# Monster Warsaw in 80 ft of water



## RichG (Jul 15, 2009)

http://www.newsherald.com/sports/daniels-75666-bay-city.html

Found this article regarding the huge Warsaw caught out of Bay City. 

Pretty sure I would have spent some time getting my potential World Record straight before I went back out fishing.  Actually, seems like we saw their boat sitting at the dock when we got back shortly after noon.


----------



## Brushcreek (Jul 15, 2009)

man that's a whopper! what kinda idiots would not weigh a fish like that!?


----------



## 11P&YBOWHUNTER (Jul 15, 2009)

holy smokes...that is a huge fish!


----------



## How2fish (Jul 15, 2009)

That's a bunch of grouper cheeks right there!


----------



## jonkayak (Jul 15, 2009)

idiots for sure.....

Any swimmer gone missing around St. George lately?


----------



## ryanwhit (Jul 15, 2009)

a warsaw in less than 40 fathoms??  you sure it wasn't a marlin??


----------



## Mechanicaldawg (Jul 15, 2009)

Here's an interesting thread from Florida Sportsman with a couple more photos:

http://outdoorsbest.zeroforum.com/thread?id=878070&page=1


----------



## RichG (Jul 15, 2009)

Interesting thread.  Plenty of disagreement on the species.

I don't claim to be any sort of expert on fish identification.  All I know is what I was told about the fish and what is reported in the newspaper.

Beyond that, it is one big fish.  I thought folks might find it interesting.


----------



## dawg2 (Jul 15, 2009)

RichG said:


> http://www.newsherald.com/sports/daniels-75666-bay-city.html
> 
> Found this article regarding the huge Warsaw caught out of Bay City.
> 
> Pretty sure I would have spent some time getting my potential World Record straight before I went back out fishing.  Actually, seems like we saw their boat sitting at the dock when we got back shortly after noon.

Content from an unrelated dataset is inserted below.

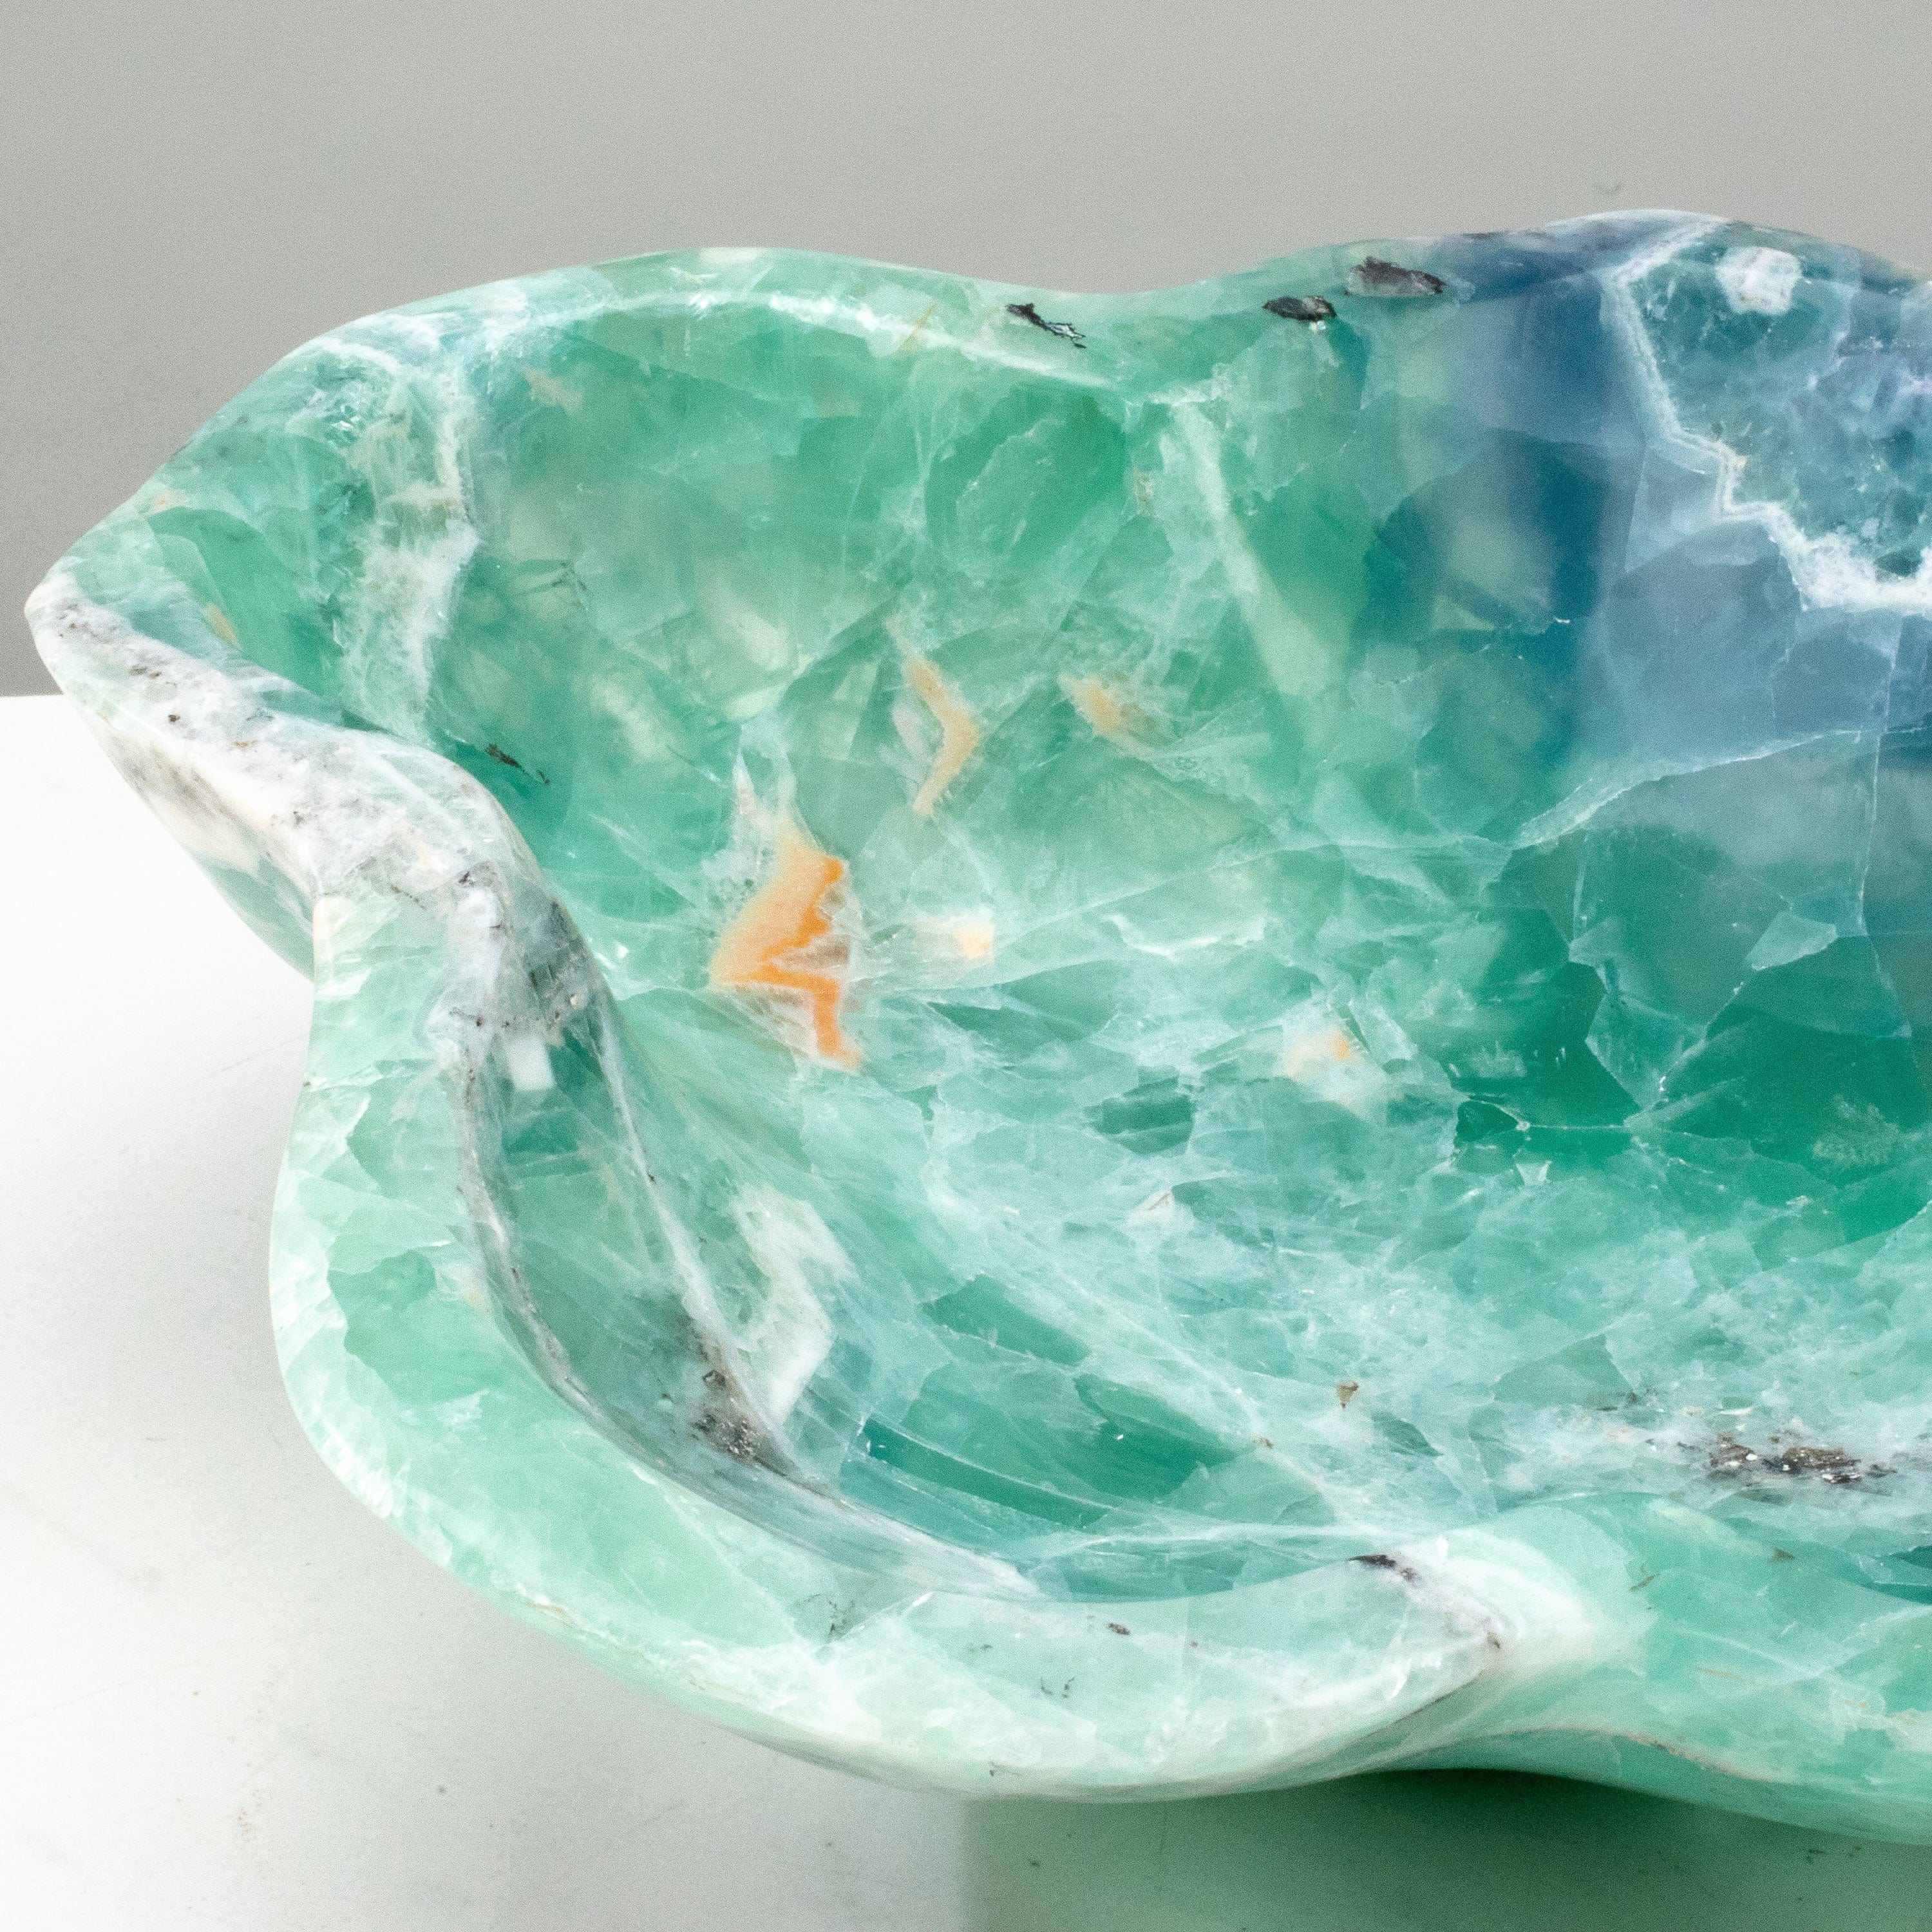 KALIFANO Gemstone Bowls Natural Blue / Green Fluorite Bowl 13" BFL6800.001

That looks like a Jewfish, not a Warsaw.  I wonder how they came up with "Warsaw"????


----------



## TurkeyManiac (Jul 15, 2009)

Maybe it's just me but I don' want to hunt or fish anything that can live 25 years....Jeez
Seems like they have been around that long, they earn a reprieve...
Good for them though.
" back home we got a taxidermy man....he gonna have a heart attack when he sees what I brung him!" -Quint


----------



## atwdmb (Jul 15, 2009)

Bay City is where we go every year, gonna have to locate that reef next time...


----------



## shakey gizzard (Jul 15, 2009)

Where were they from?


----------



## bigkga69 (Jul 15, 2009)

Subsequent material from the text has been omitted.